Since the introduction of Imlygic in 2015, the FDA and EMA haven't authorized any other oncolytic virus cancer treatments. Now, indications suggest that the Covid-19 pandemic could assist in propelling the field out of its stagnation.

Covid-19 Vaccine Developed by Oxford Paves the Way for Companies Focusing on Oncolytic Viruses
Covid-19 Vaccine Developed by Oxford Paves the Way for Companies Focusing on Oncolytic Viruses

Trailblazing Oxford's Covid-19 Vaccine Paves Path for Oncolytic Virus Companies

The field of oncolytic virus (OV) cancer therapies has been slow to make significant strides in the market, primarily due to a combination of scientific, manufacturing, safety, and regulatory hurdles.

Manufacturing and commercial scale-up bottlenecks, safety concerns, complex immune interactions, regulatory hurdles, clinical trial failures, high development costs, and the need for robust biomarkers and patient selection have all played a part in limiting the pace of new OV therapies reaching the market.

One of the key challenges is the difficulty in producing viral vectors at commercial scale. This limitation hampers readiness for broad market deployment. Ensuring the safety of OVs, particularly in minimising off-target effects, is critical for clinical safety. Managing immune responses to the virus itself is another complex issue that requires improved profiling for safety and efficacy.

Regulatory openness is improving, but alignment on guidelines for gene- and virus-based therapies is still evolving globally, complicating clinical trial harmonization and approval. Despite scientific innovation and increasing investment, these challenges have slowed the pace at which new OV therapies reach the market.

However, advances in genetic engineering, AI-driven vector design, and improving clinical strategies are progressively addressing these barriers. For instance, Transgene's next-generation OV candidate, currently in phase I trials, is engineered to act simultaneously as a checkpoint inhibitor, a pro-inflammatory drug, and to block immune-suppressing cells.

Another European startup, Theolytics, which was spun out of the University of Oxford in 2019, uses a more Darwinian approach that can take just 18 months to discover new OV candidates. This startup recently raised €5.6M in a Series A round, indicating an increase in investor interest.

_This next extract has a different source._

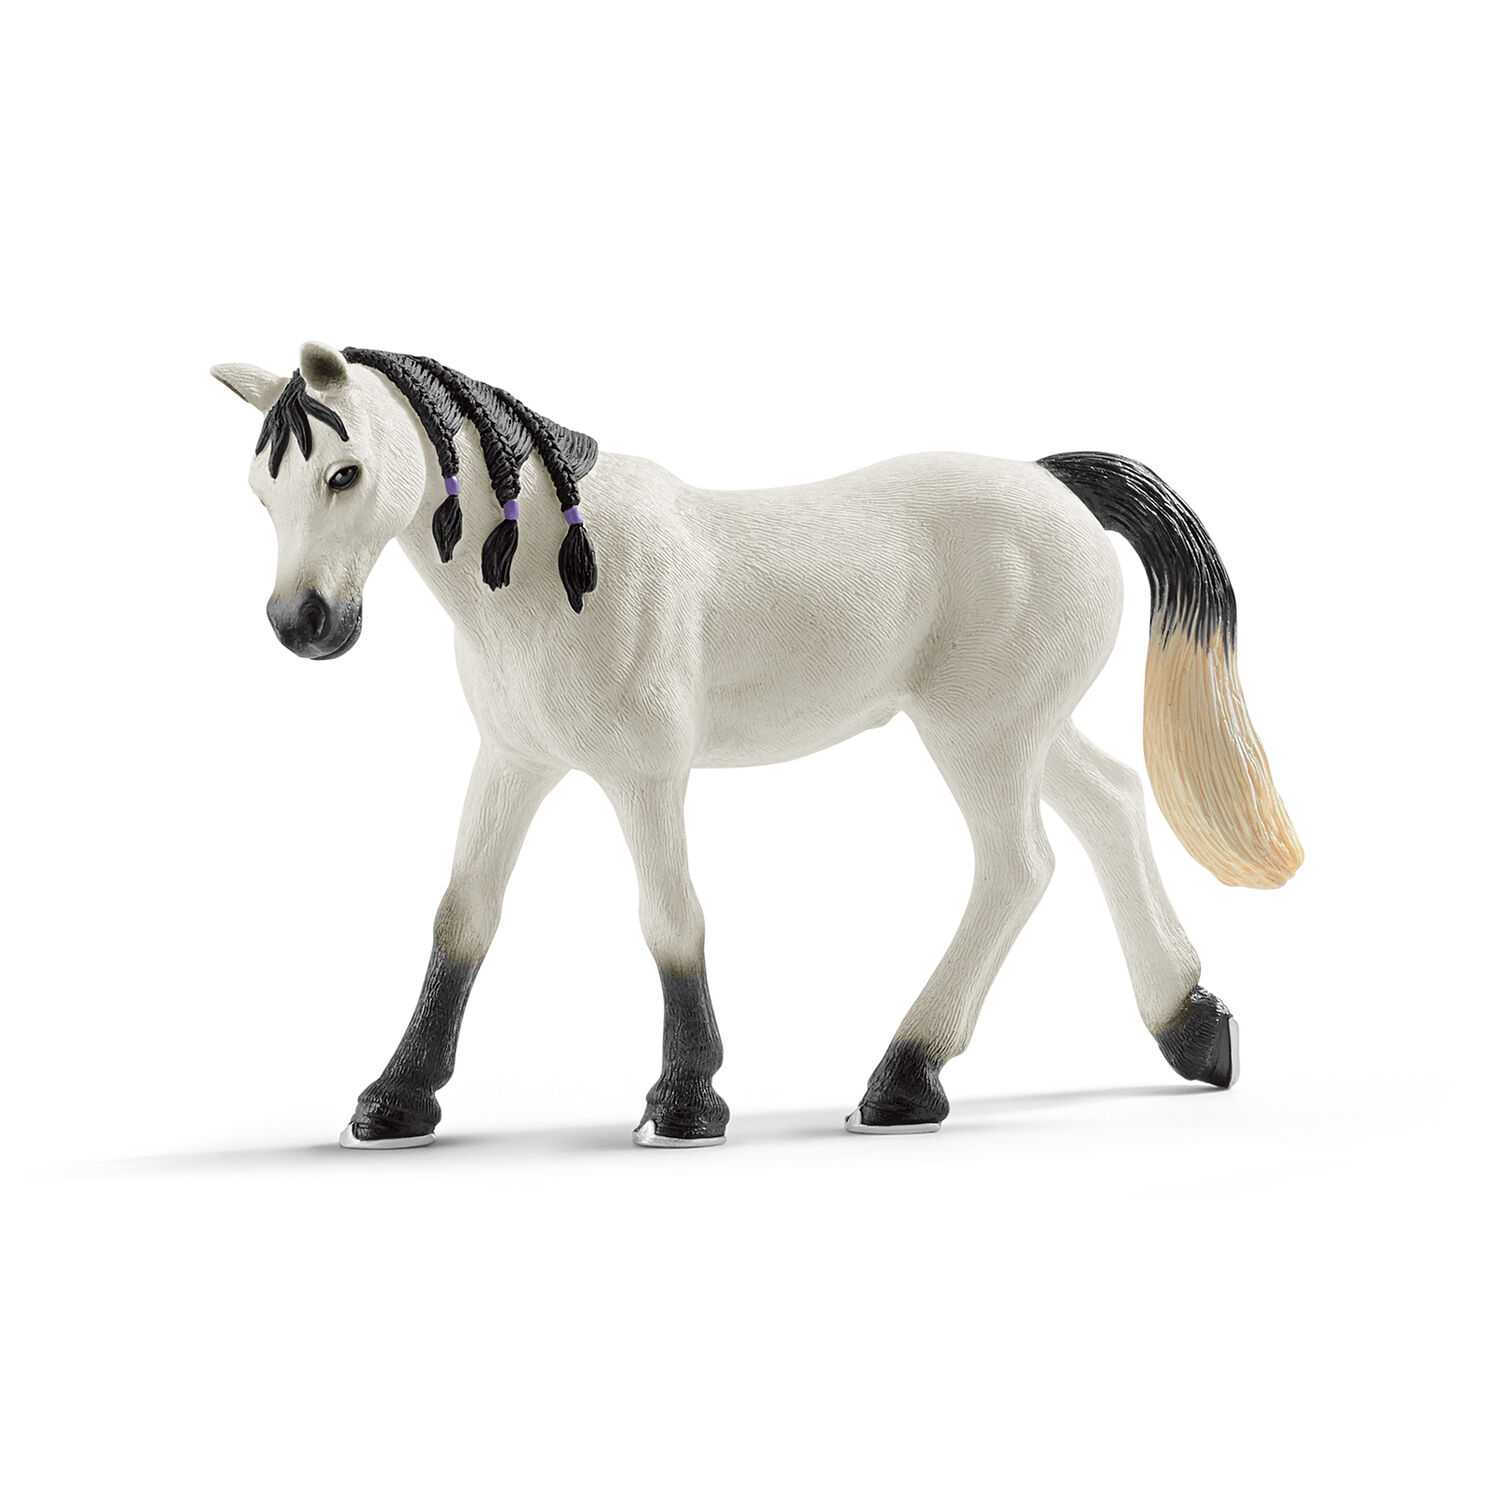 Schleich 13762 Arabian Foal Toy Figure for sale online

The approval of the Oxford Covid-19 vaccine could also help the field of OV cancer therapies. The vaccine's success validates the clinical potential and large-scale manufacturing and cold chain distribution of adenoviruses, a common vector for OV therapies. Theolytics' CEO, Charlotte Casebourne, stated that this approval is a boost for adenovirus-based products.

Despite these advancements, there are still obstacles. The immune system tries to destroy viruses before they can establish themselves, and many people already have immunity to some of the viruses used for treatments. However, the development process, from discovery to clinical trials, can take between five and seven years, involving tedious iterations of viral modification and screening.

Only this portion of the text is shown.